Recently, I have been studying nutch and found information about crawling the entire network using underlying commands.
First obtain the URL set, use the content.example.txt file under the http://rdf.dmoz.org/rdf/ directory for testing, create a folder dmoz
Command: Bin/nutch org. Apache. nutch.

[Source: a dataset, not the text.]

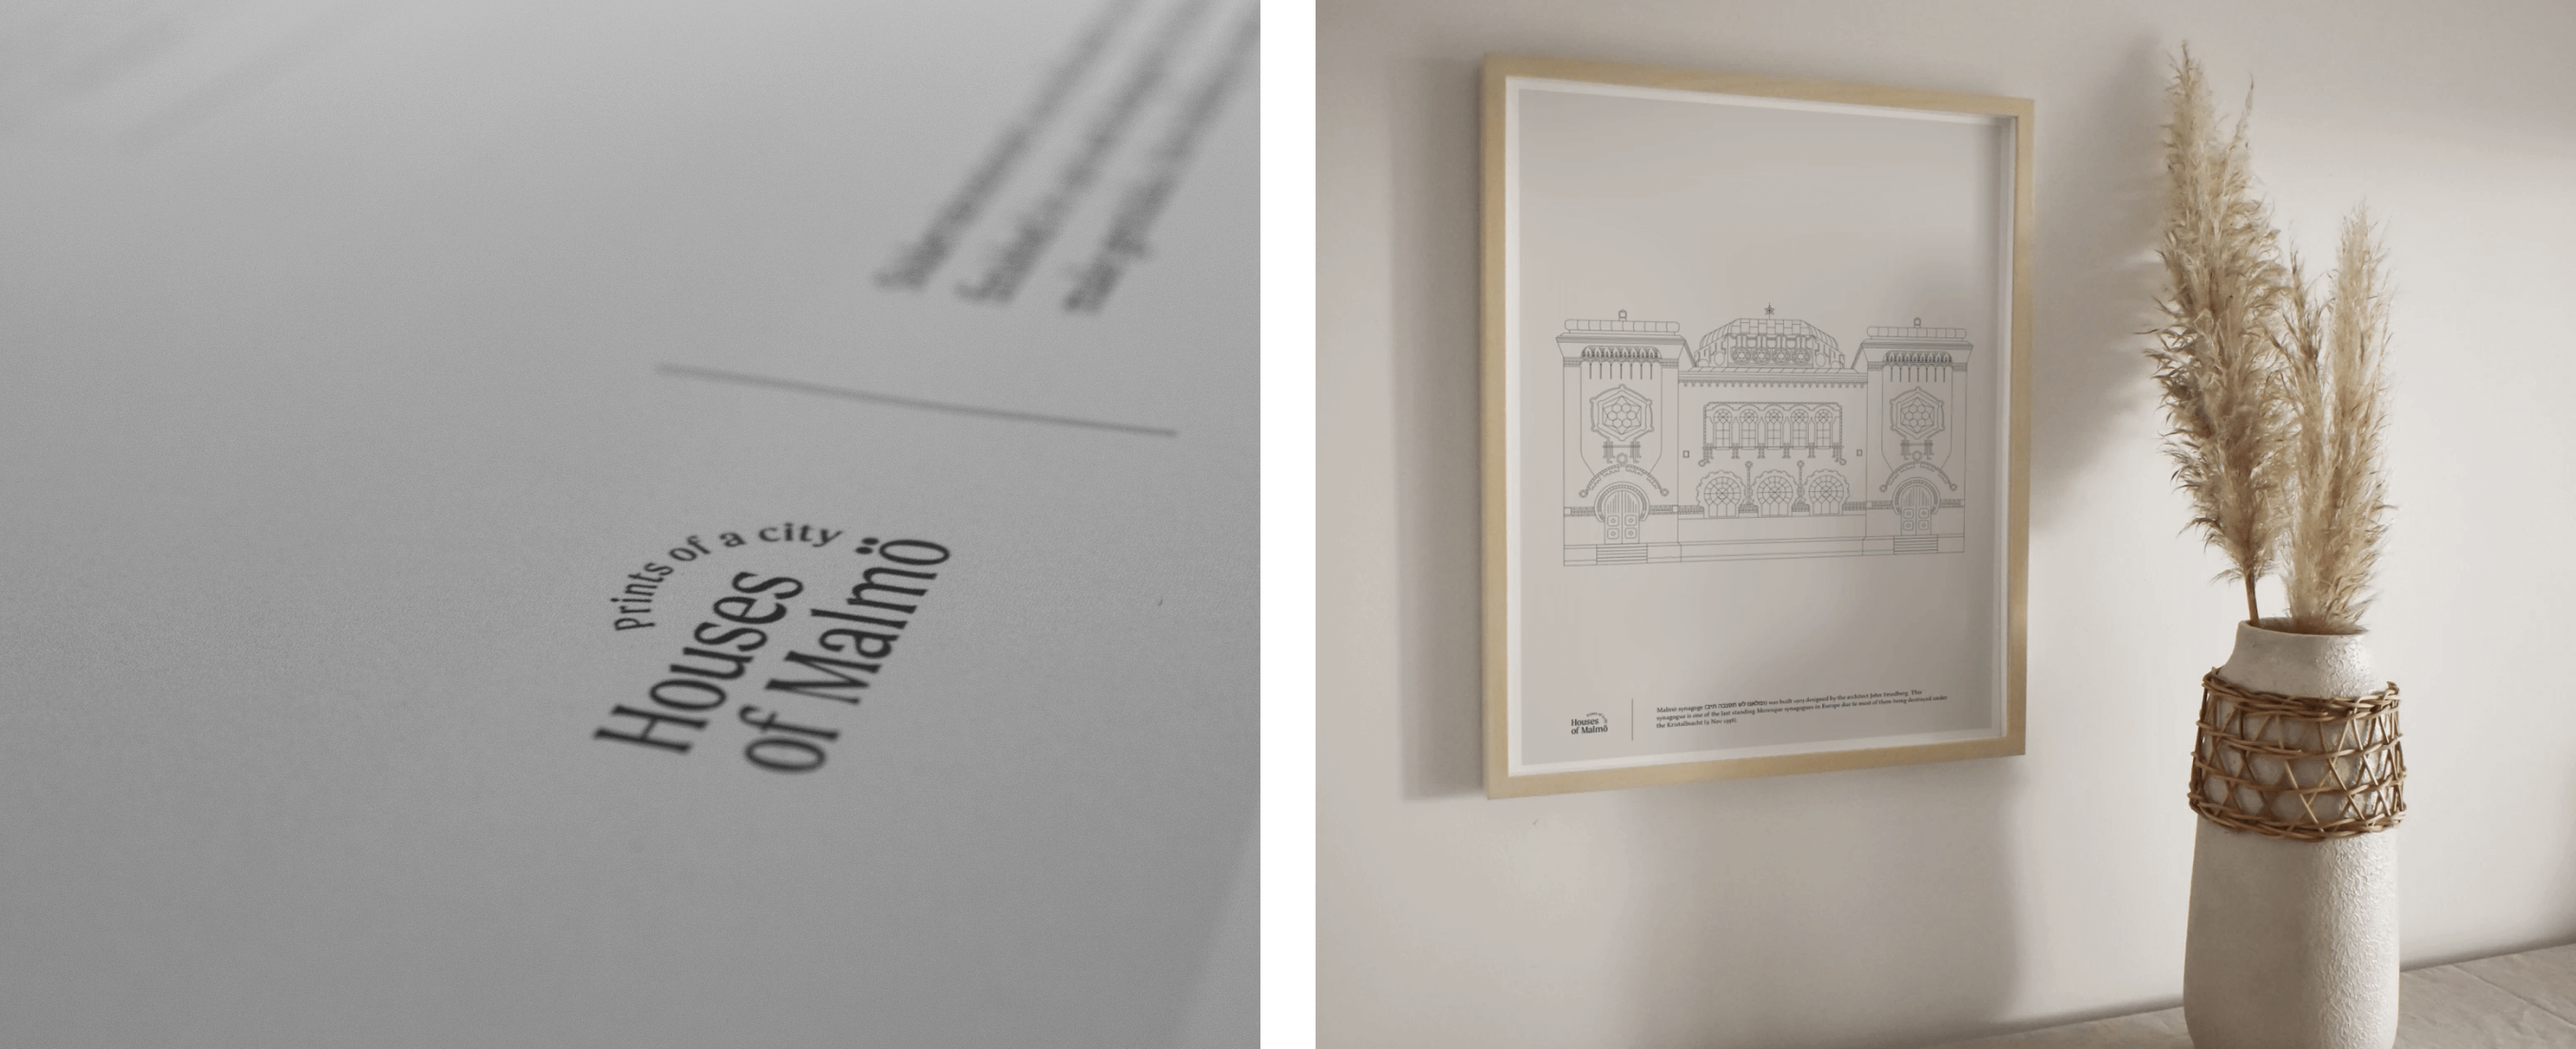 Mockups of HoM prints

Tools. d1_parser content.example.txt> dmoz/URLs
Inject the website to the crawldb database:
Command: Bin/nutch inject crawl/crawldb dmoz
Create a capture list:
Command: Bin/nutch generate crawl/crawldb crawl/segments
Save the files under segments to variable S1 for future calls:
Command: S1 = 'LS-D crawl/segments/2 * | tail-1'
Command: Echo $ S1
Note 'is not a single quotation mark, but the upper left corner and ~ The one-key location
Run fetcher to obtain the URL Information:
Command: Bin/nutch fetch $ S1
Update the database and save the obtained page information to the database:
Command: Bin/nutch updatedb crawl/crawldb $ S1
The first capture ends.
Next, select the URL with the top 10 points for the second and third captures:
Command: Bin/nutch generate crawl/crawldb crawl/segments-topn 10
Command: S2 = 'LS-D crawl/segments/2 * | tail-1'
Command: Echo $ S2
Command: Bin/nutch fetch $ S2
Command: Bin/nutch updatedb crawl/crawldb $ S2
Command: Bin/nutch generate crawl/crawldb crawl/segments-topn 10
Command: S3 = 'LS-D crawl/segments/2 * | tail-1'
Command: Echo $ S3
Command: Bin/nutch fetch $ S3
Command: Bin/nutch updatedb crawl/crawldb $ S3
Update the linkdb Database Based on segments:
Command: Bin/nutch invertlinks crawl/linkdb crawl/segments /*
Index creation:
Command: Bin/nutch index crawl/indexes crawl/crawldb crawl/linkdb crawl/segments /*
You can use this command to query:
Command: Bin/nutch org. Apache. nutch. searcher. nutchbean FAQ the FAQ here indicates the keyword to be searched.